Le plus intéressant, pour les Côte d'Oriens, est la seconde partie de l'ouvrage, qui est consacrée au diocèse de Dijon dans les années 60 et 70. Un diocèse moyen, frappé de plein fouet par la crise. De ce travail, on retient l'extraordinaire ébullition qui a saisi les prêtres bourguignons dans ces années-là : réflexion sur l'évangélisation, sur la place des prêtres (plus que de l'Eglise elle-même) dans le monde, sur les relations hiérarchiques au sein du clergé, sur la vie des prêtres... Et moi, je retiens la place qu'y ont tenu tous ces prêtres qui m'ont marqué et me marquent encore (Pierre, Jean, Denis, Guy, allez je ne les cite pas tous), dans la diversité de leurs prises de position mais la fidélité à leurs engagements.

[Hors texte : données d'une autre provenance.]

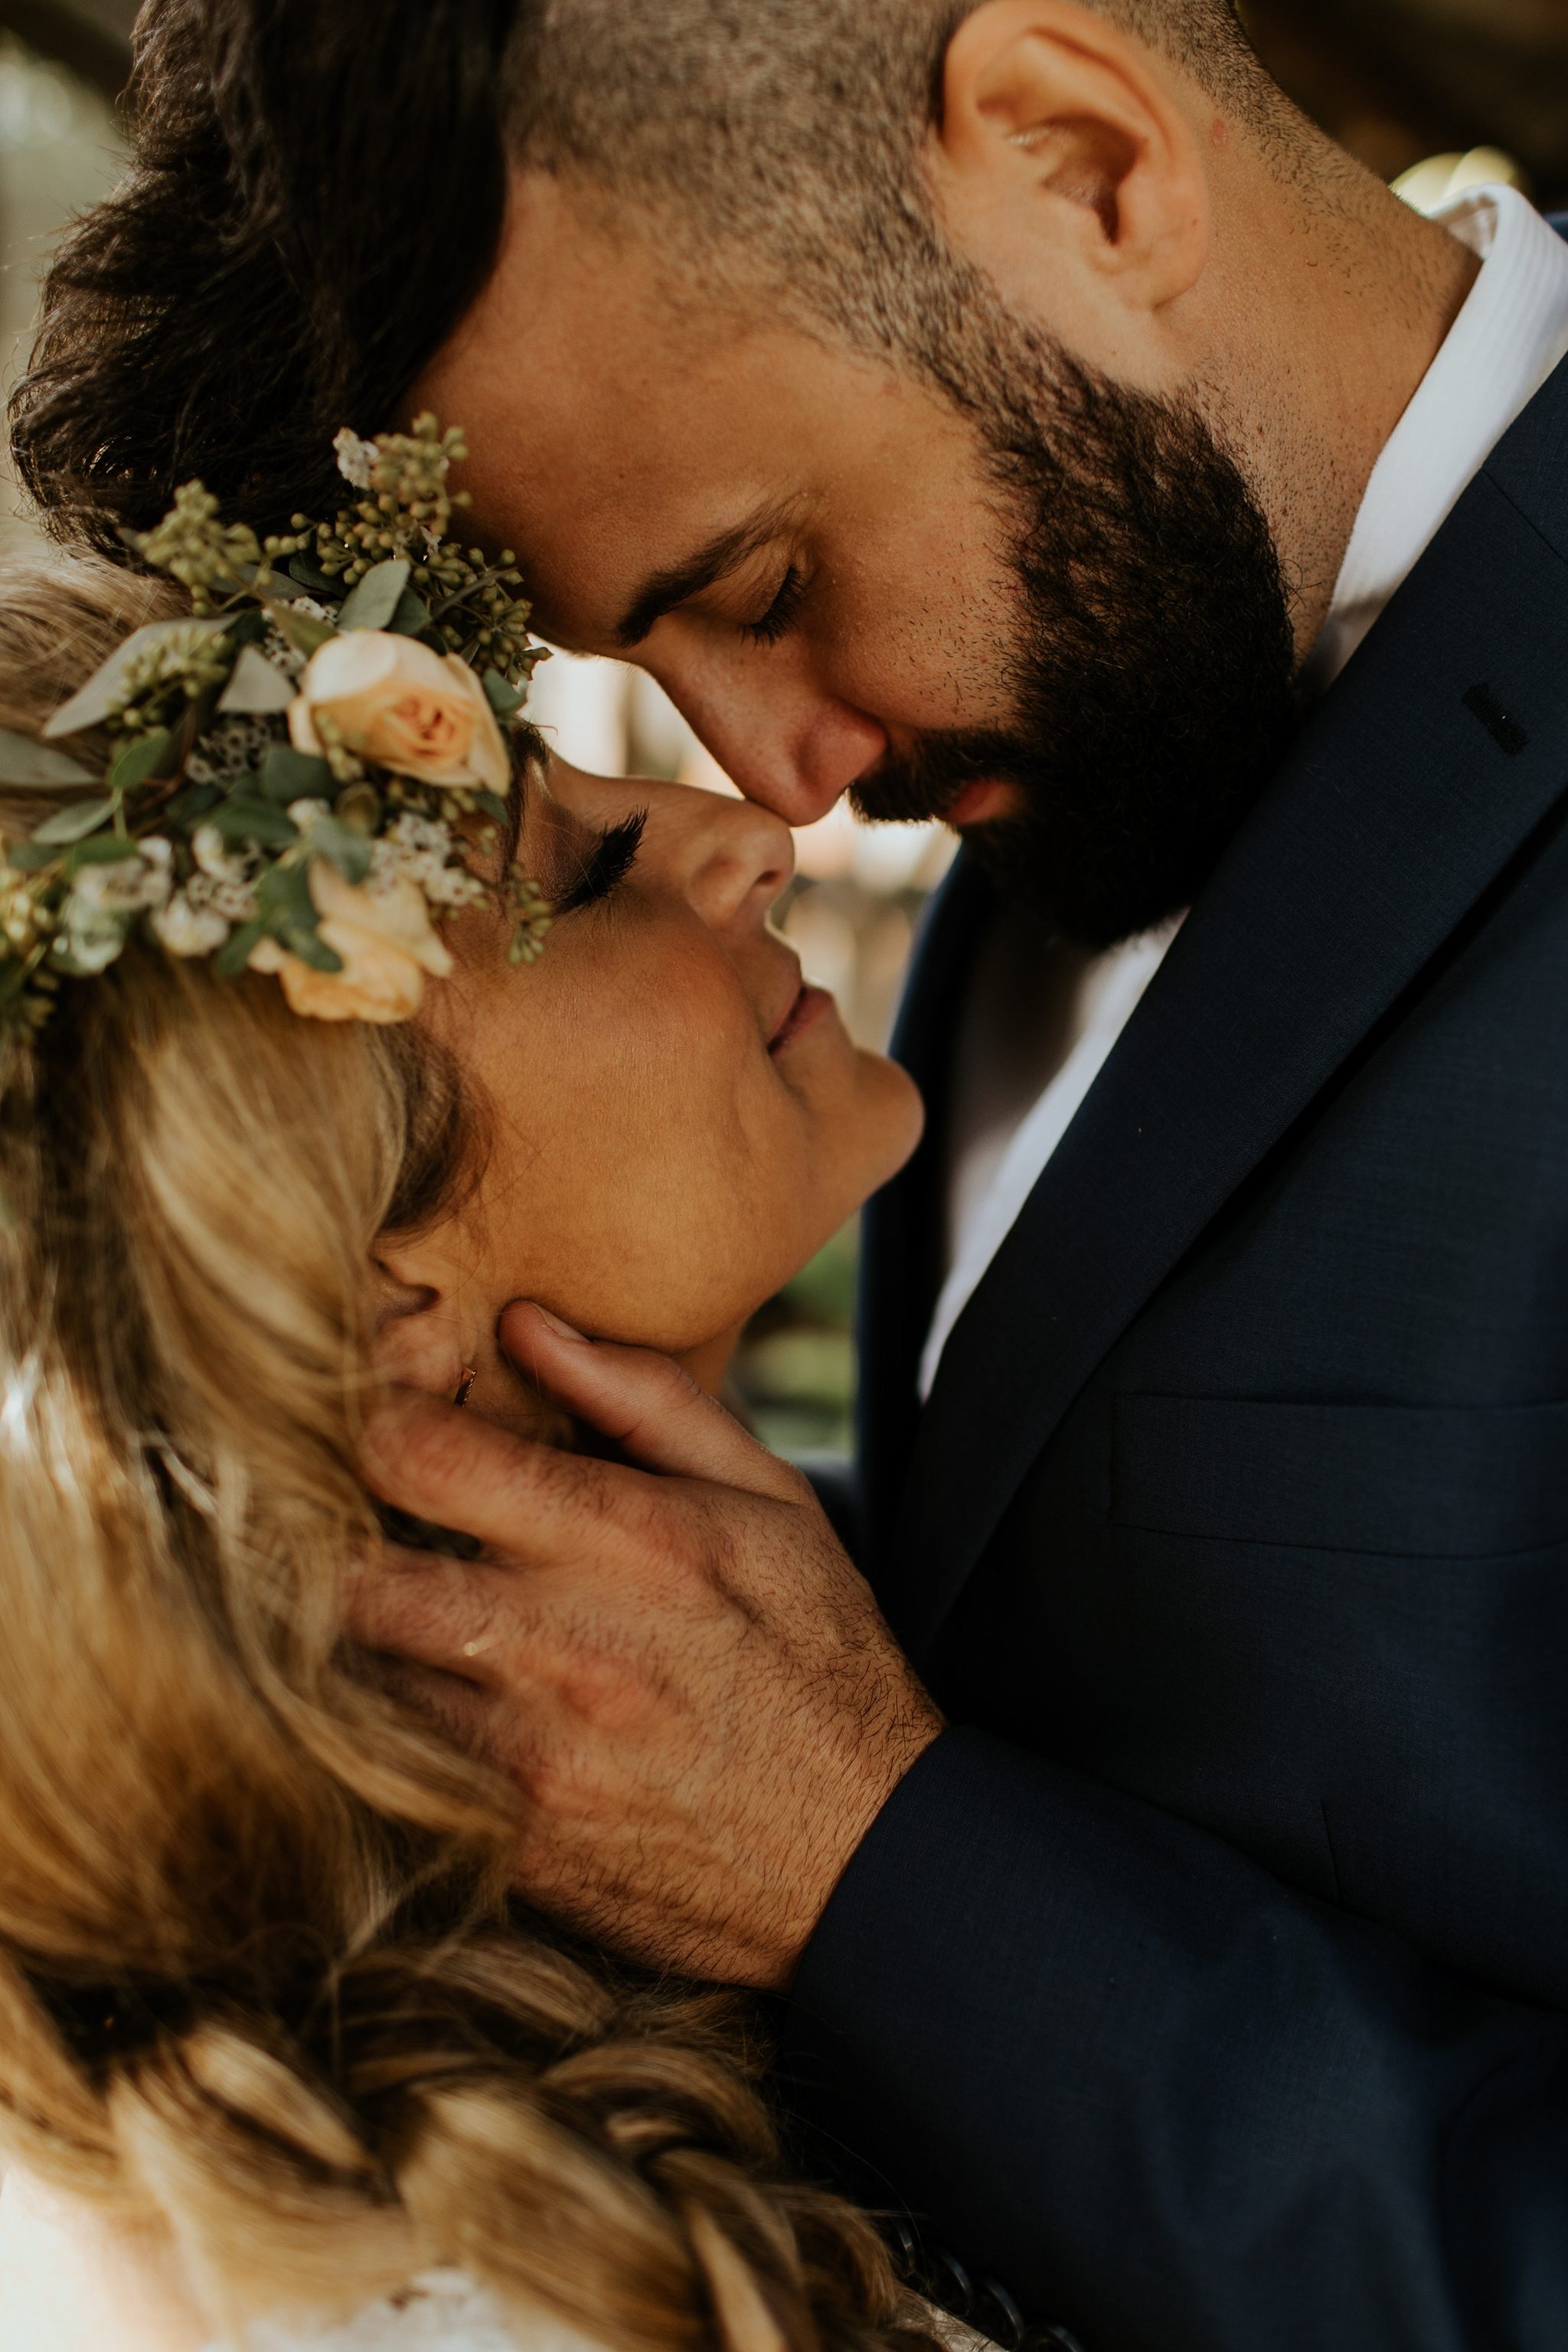 Bohemian Orcutt Ranch Wedding in Los Angeles California  - Los Angeles Californai Wedding Photographer_0028.jpg
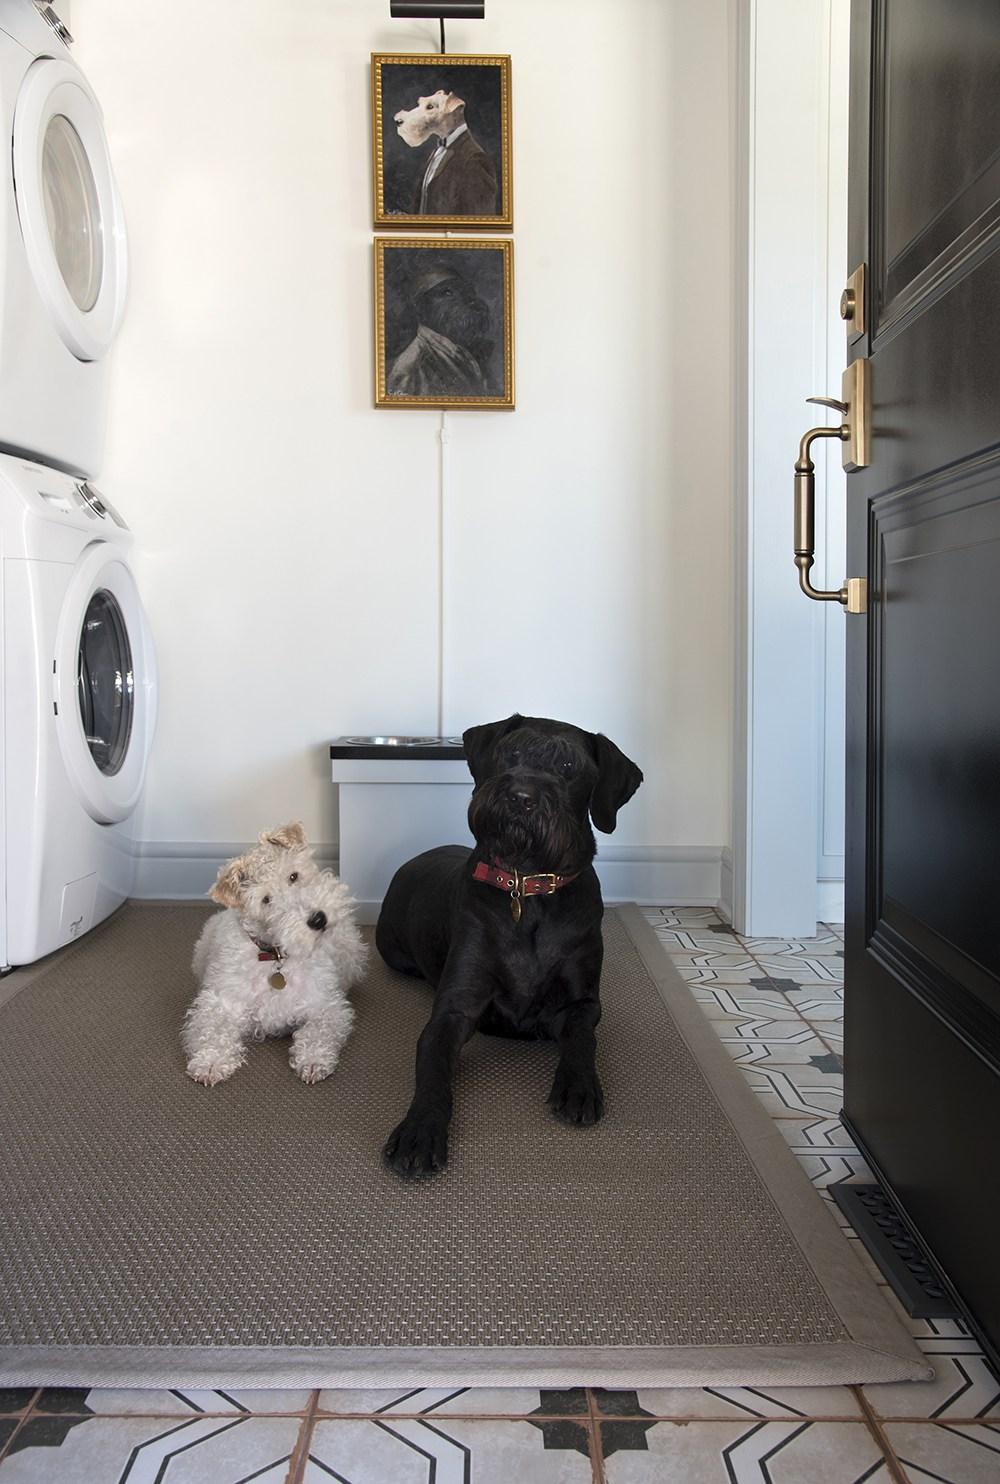 Dogs-In-the-Mud-Room.jpg

Intéressant aussi est le début d'explication donné : quelque chose qui tourne autour du décalage, puis du fossé, qui s'instaure entre l'Eglise et la société. Ce n'est qu'un commencement, mais c'est justement cette humilité devant les faits qui rend la démarche de Martine Sévegrand pertinente et incontestable. Un petit regret, pour finir : il serait intéressant de mener la même recherche sur les communautés chrétiennes, sans la limiter aux prêtres.